Here’s a question most business owners can’t answer: which Microsoft 365 plan are you on, and why? If your answer is “whatever our IT person set up” or “the one that came with our computers,” you’re in good company. You’re also probably overpaying.
Microsoft 365 is one of the most widely used business software platforms on the planet, and for good reason — it includes email, file storage, video conferencing, Word, Excel, and a dozen other tools most businesses genuinely need. But the way it’s packaged and priced creates a predictable trap: businesses buy the plan that sounds safest, assign it to everyone, and never look back.
With prices rising significantly starting July 1, 2026, there’s no better time to take an honest look at what you’re paying for — and whether it’s actually worth it.
The Three Plans, Honestly Explained
Microsoft offers three main tiers for small businesses. Here’s what they actually include — no marketing fluff.
Business Basic — $6/user/month (rising to $7 in July 2026)
This is the entry-level plan. You get cloud-based email (Exchange Online), Teams for meetings and chat, 1 TB of OneDrive storage per user, and web versions of the Office apps. The critical limitation: there are no desktop Office applications included. Your team cannot install Word, Excel, or Outlook on their computers under this plan — they use browser-based versions only.
Who this actually makes sense for: businesses where employees mostly work in a browser, use lightweight tasks like email and scheduling, or already have standalone Office licenses from a prior purchase.
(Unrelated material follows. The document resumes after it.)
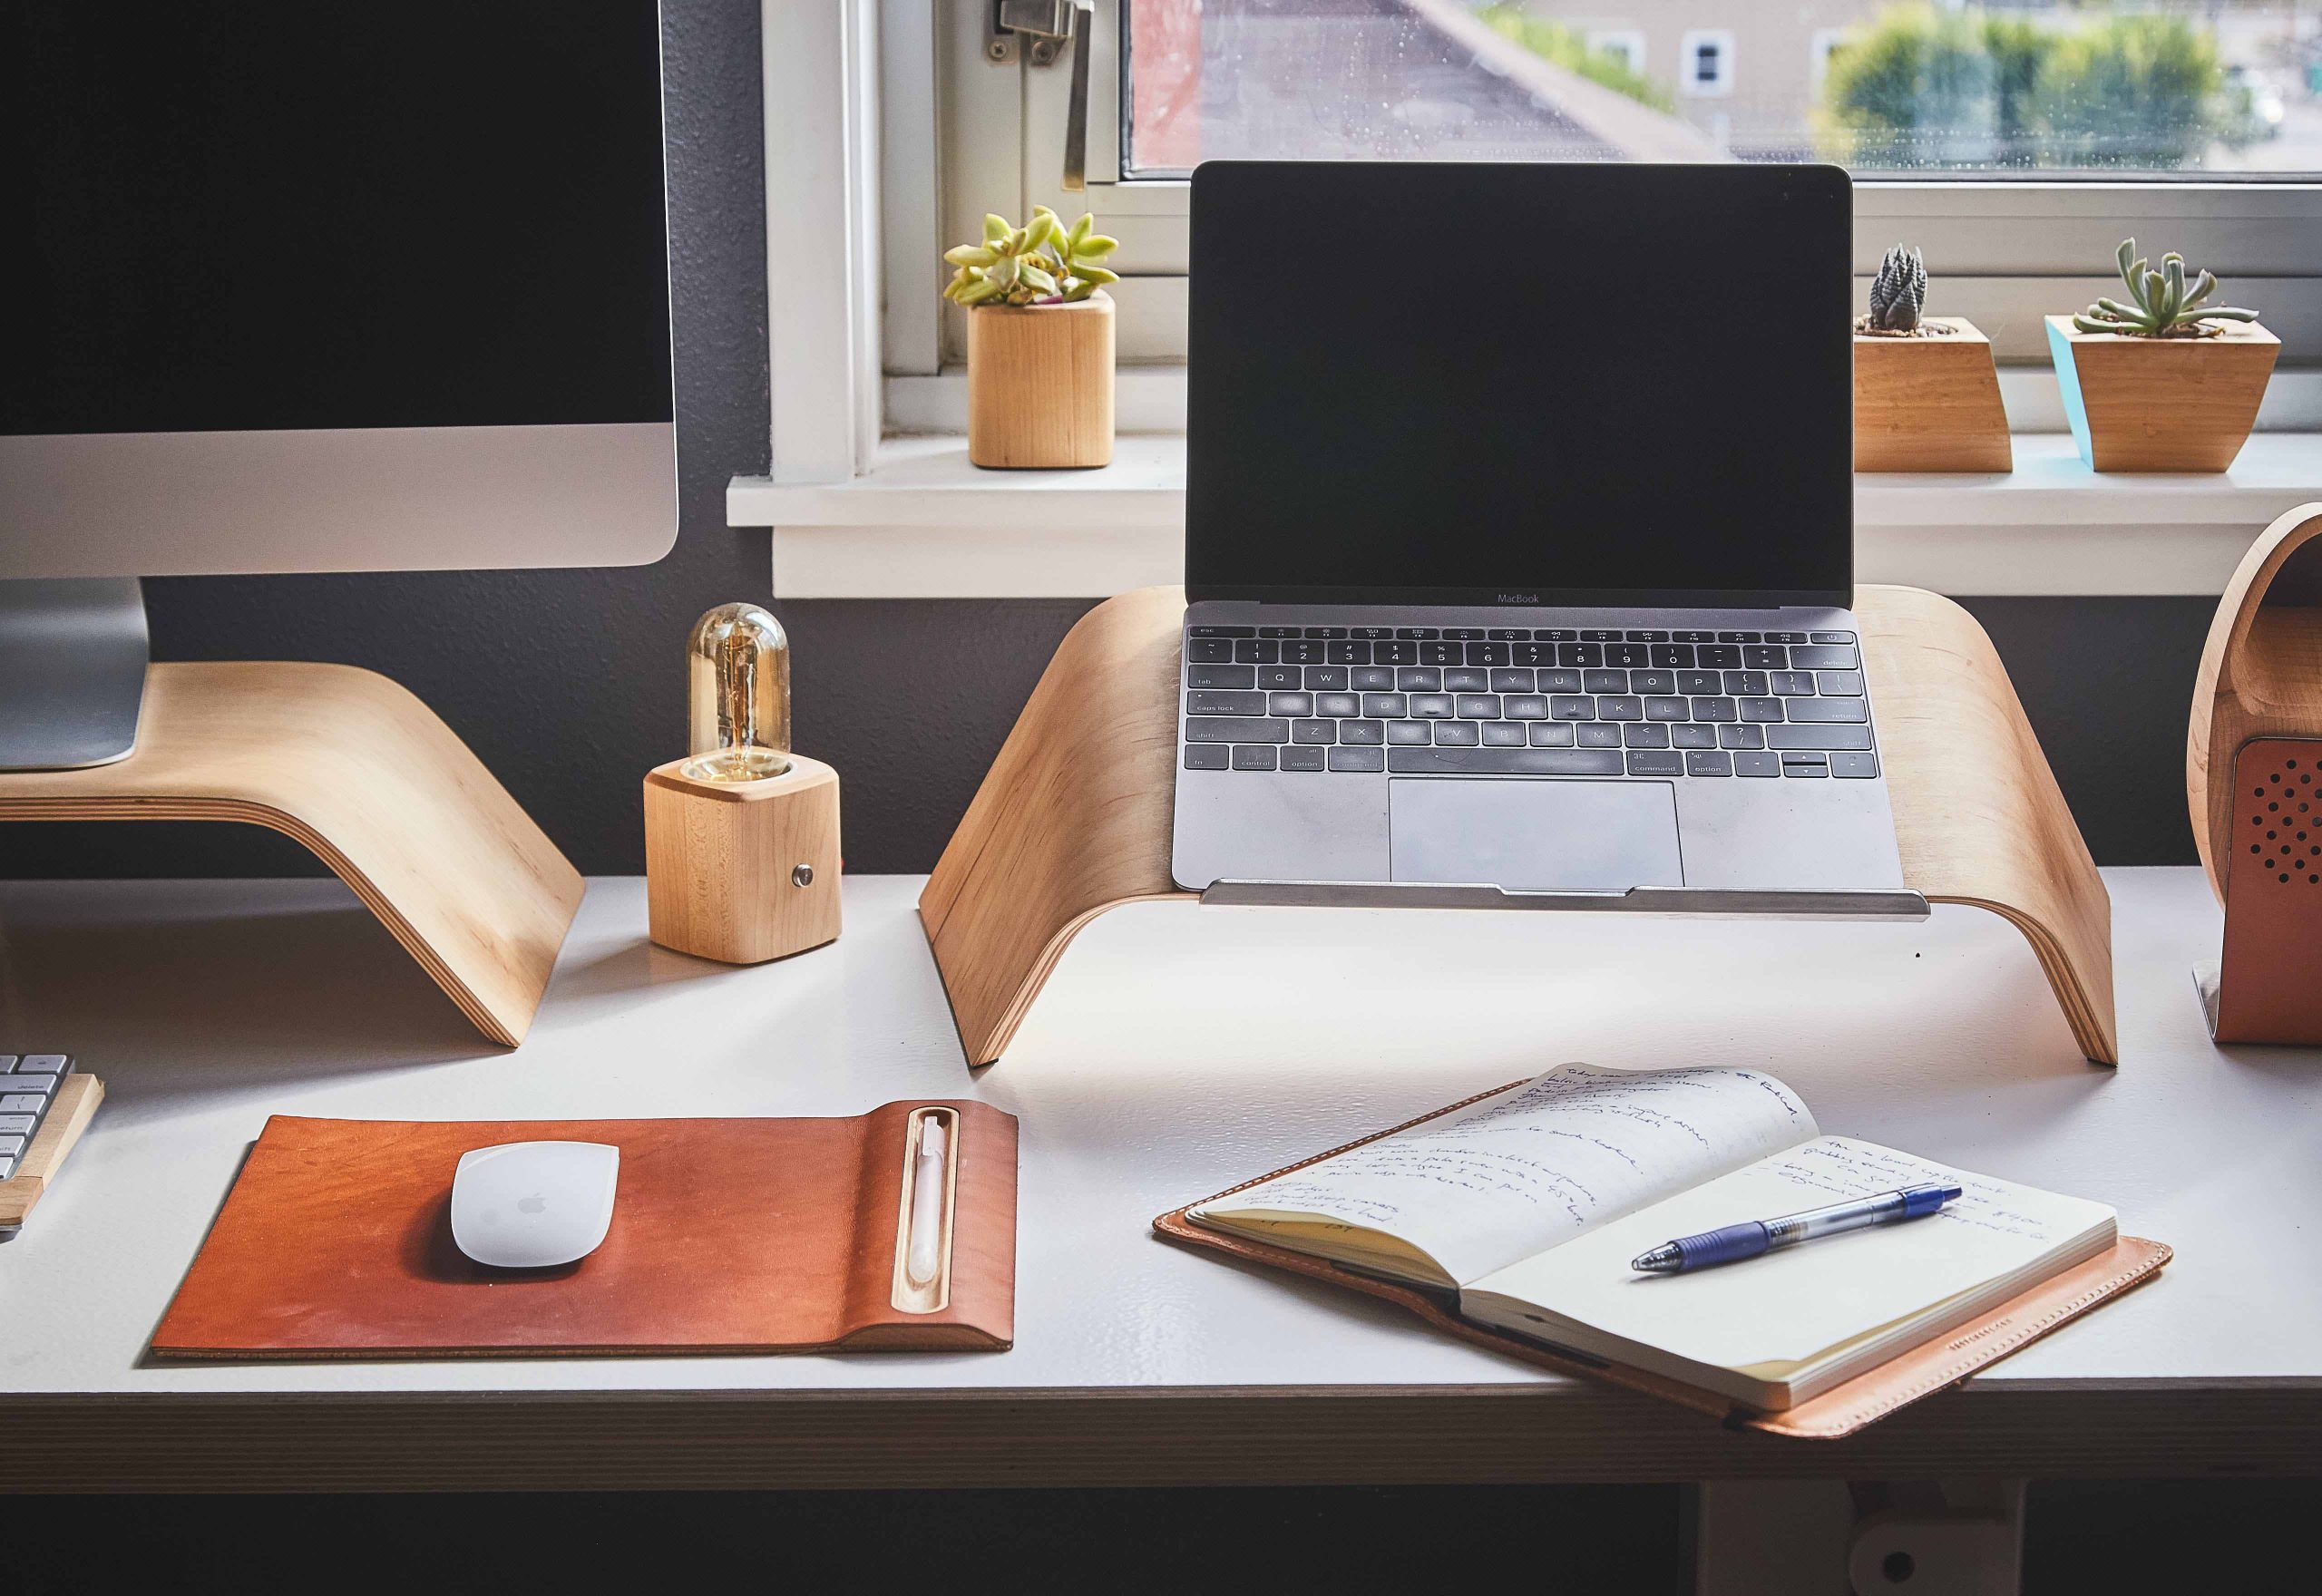 7 practical tech gadgets to level up your work-from-home station

Business Standard — $12.50/user/month (rising to $14 in July 2026)
This is the plan most small businesses land on, and for most, it’s the right one. You get everything in Basic plus full desktop installs of Word, Excel, PowerPoint, Outlook, OneNote, and Access. You also get Bookings (for appointment scheduling), MileIQ (mileage tracking), and additional admin tools.
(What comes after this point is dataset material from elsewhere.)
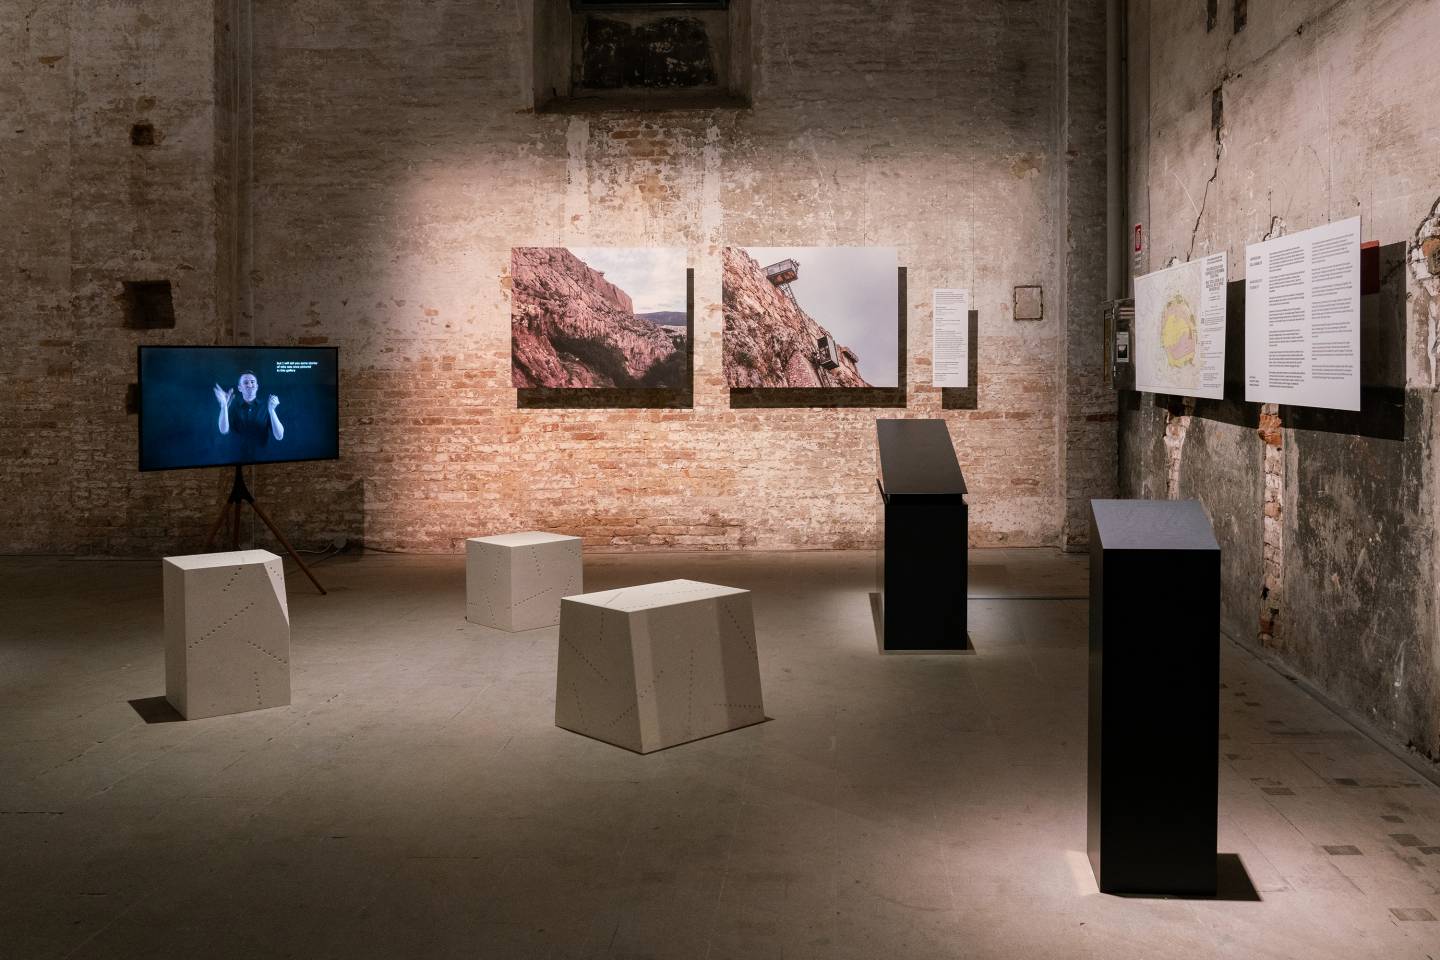 Archaeology of Disability exhibition includes carved stone stools and a television screen

The jump from Basic to Standard doubles your monthly cost per user. That math works out if your team does any serious document work. It doesn’t work out if your employees are mostly checking email and joining video calls.
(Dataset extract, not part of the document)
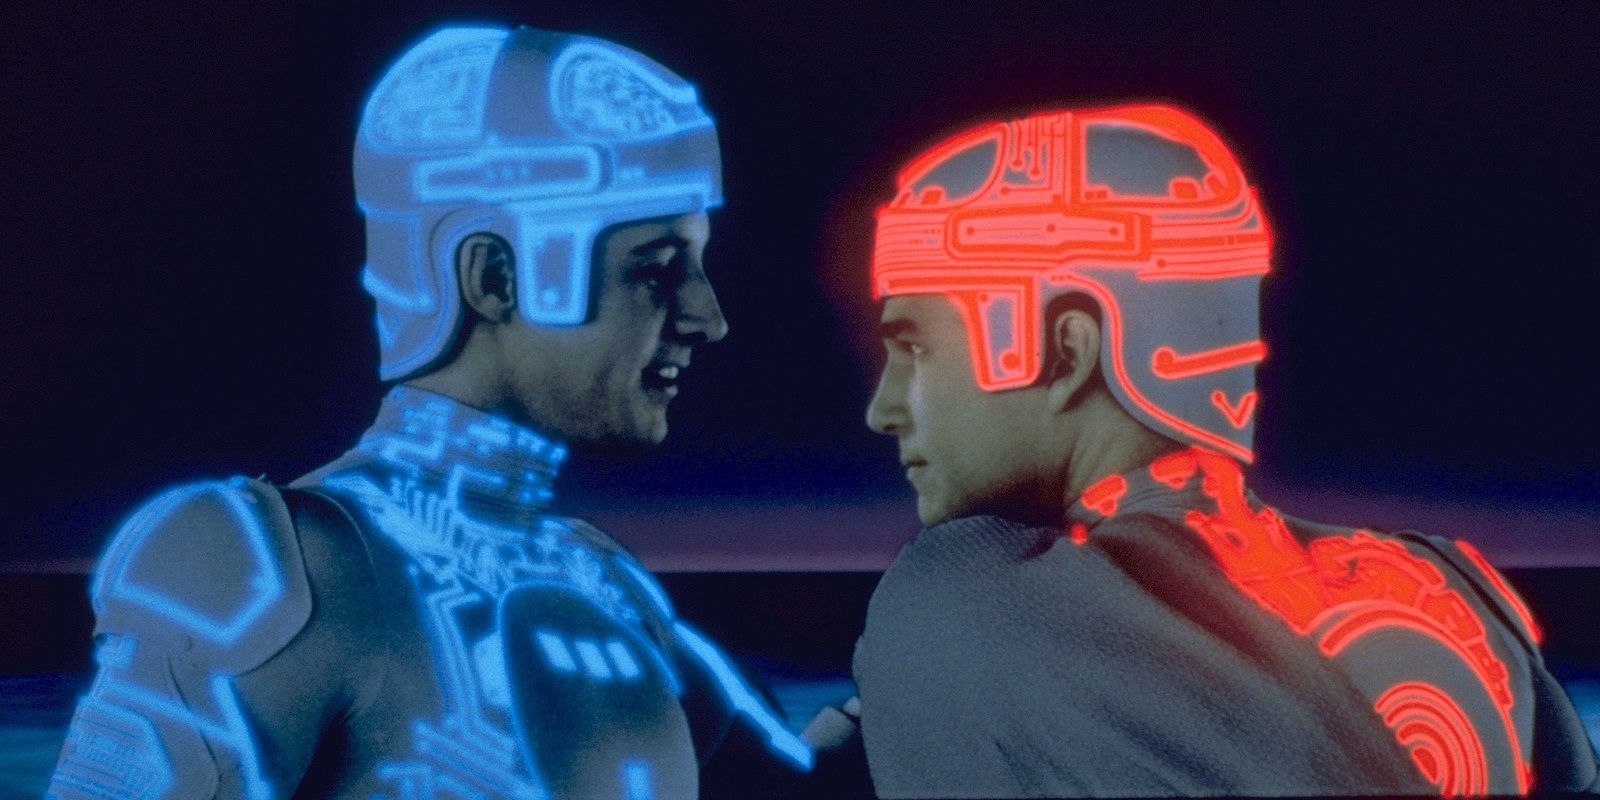 The blue racer and the red racer go head-to-head in Tron

Business Premium — $22/user/month (no price increase in July 2026)
Premium layers on advanced security and device management that most small businesses genuinely don’t need — until they get hit with a cyberattack and realize they did. This plan includes Microsoft Defender for Business, Intune for device management, Azure AD Premium P1, and Azure Information Protection. These are tools designed to help IT teams control and protect a fleet of company devices.
Who actually needs this: businesses in regulated industries (healthcare, legal, finance), companies handling sensitive client data, or any organization that has already experienced a security incident and is building better defenses. For the average five-person accounting firm or retail shop, it’s usually overkill.
The July 2026 price increases are real: Business Basic goes from $6 to $7 per user per month (+17%). Business Standard goes from $12.50 to $14 per user per month (+12%). A 20-person company on Standard will pay $360 more per year starting at their next renewal. If you’re on annual billing, review your renewal date now.
What Most Businesses Are Actually Using
According to Microsoft’s own usage data and third-party audits, the features that small businesses consistently use across all plans are: email (Outlook/Exchange), Teams meetings, OneDrive file storage, and Word/Excel/PowerPoint. That’s essentially it.
The features that are almost universally ignored: Microsoft Forms, Planner, Bookings, Sway, Stream, Viva Insights, Power Automate, and SharePoint beyond basic file sharing. Most businesses don’t even know these are included, let alone use them.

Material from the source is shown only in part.